Concilier performance énergétique et qualité de l’air
« La qualité de l’air des logements neufs RT 2012 est facilement maîtrisable. Néanmoins, si les résultats sont souvent bons à la réception du bâtiment, c’est une fois qu’il est meublé et occupé que les choses se gâtent… Dans le cadre du Plan national santé-environnement II, nous participons actuellement à un appel à projets lancé par l’ADEME, en lien et visant à tester une démarche qualité de l’air sur 20 maisons individuelles BBC de Rhône-Alpes.

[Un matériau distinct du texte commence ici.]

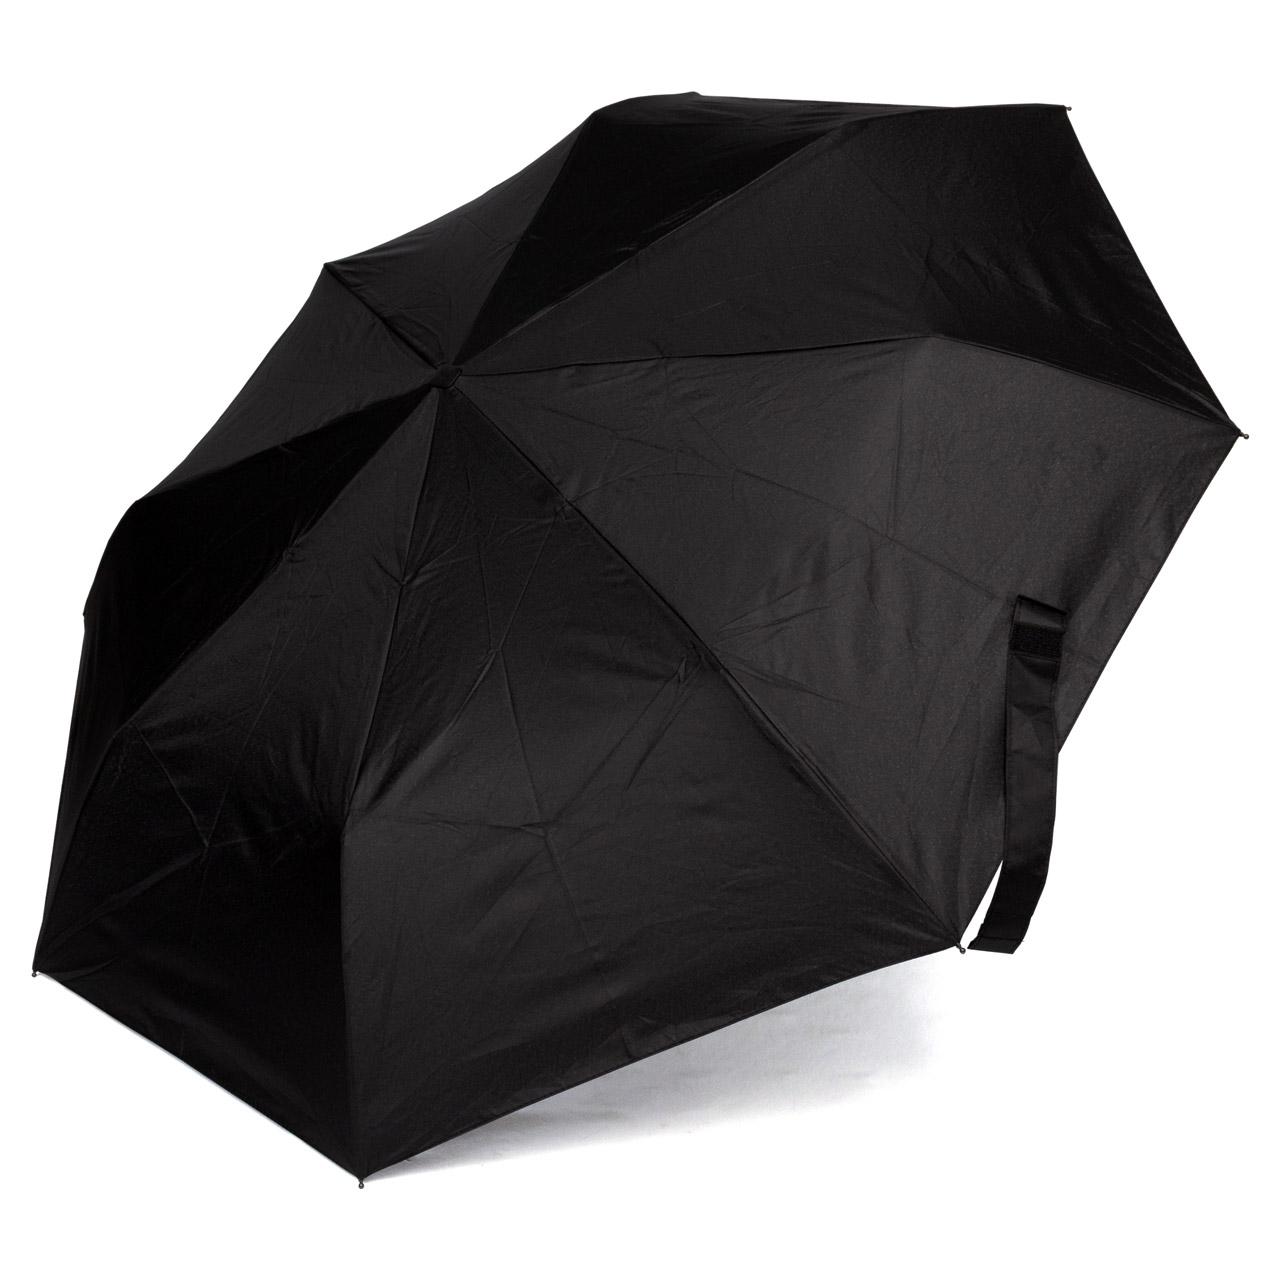 ORIGINAL Skoda Regenschirm Schirm Kodiaq Octavia 4 Superb 3 000087600G 9B9

La livraison des résultats est prévue fin 2016.
[…] Les 500 000 logements que le gouvernement souhaite voir réhabilités énergétiquement chaque année ne devront pas simplement être couverts d’isolant et rendus étanches. Dans la feuille de route pour la transition écologique, il est d’ailleurs précisé que “le plan de rénovation thermique des logements s’accompagnera d’une vigilance particulière sur la qualité de l’air intérieur”. »

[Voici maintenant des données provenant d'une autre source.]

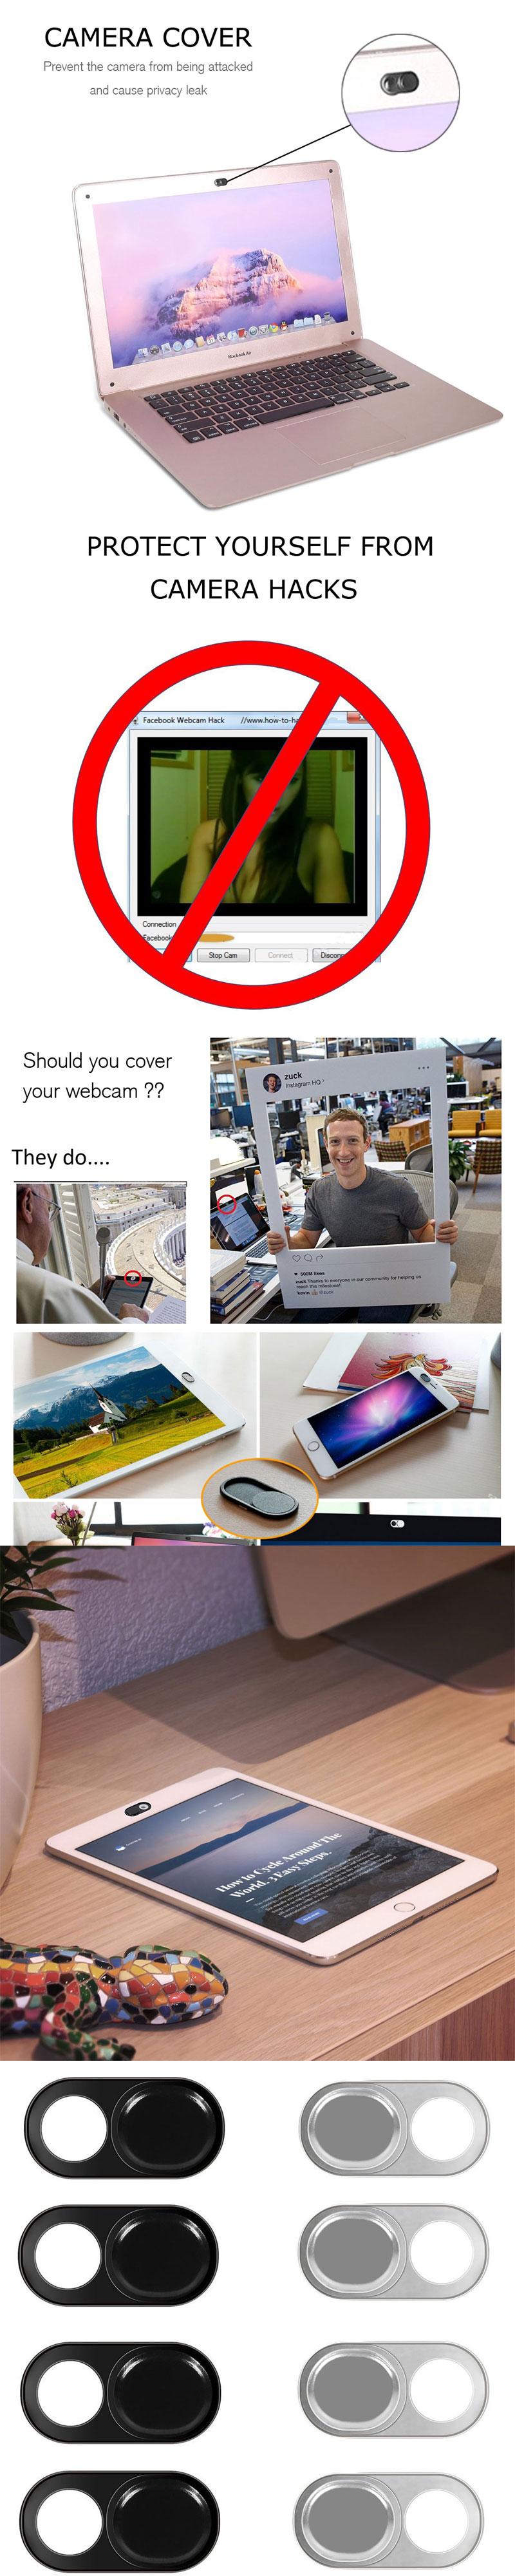 1//2//5//10Pcs Webcam Cover Slider Camera Shield fr Laptop Pad Tablet Phone Privacy

Claire-Sophie Coeudevez, ingénieur au sein du bureau d’études Medieco, spécialisé dans les problématiques de santé appliquées au bâtiment.
Enseignements sur la qualité de l’air des maisons basse consommation
Dans une étude CRC (Contrôle du respect des Règles de la Construction) de 2008 à 2011, Romuald Jobert a analysé les données issues des contrôles de 1 287 logements neufs. Sur l’ensemble des contrôles, 1 246 dysfonctionnements ont été relevés, dont 338 concernant les débits d’air extraits non conformes à la réglementation. Trois cent dysfonctionnements sont observés sur les entrées d’air, dont la moitié sont absentes dans une ou plusieurs pièces.
En 2018, un livre blanc de la ventilation a été publié pour répondre à une préoccupation commune des signataires sur la nécessité d’améliorer la qualité des installations de ventilation des bâtiments, afin de contribuer à offrir à nos concitoyens un environnement intérieur sain et confortable. Des réflexions communes ont été menées pour répondre à cette problématique. Le constat a été fait que l’existence de nombreux guides de bonnes pratiques n’a pas suffi à améliorer significativement la situation.
Aussi, les professionnels signataires du Livre Blanc ont proposé qu’une attestation de prise en compte de la réglementation sur l’aération soit mise en place pour les opérations de construction neuve et celles de rénovation lourde avec des installations de ventilation neuves.
Cette attestation de prise en compte de la réglementation sur l’aération, basée sur des vérifications visuelles et des mesures de débit sur les installations par échantillonnage suivant un référentiel qui reste à définir, pourrait être annexée à la Déclaration Attestant l’Achèvement et la Conformité des Travaux (DAACT).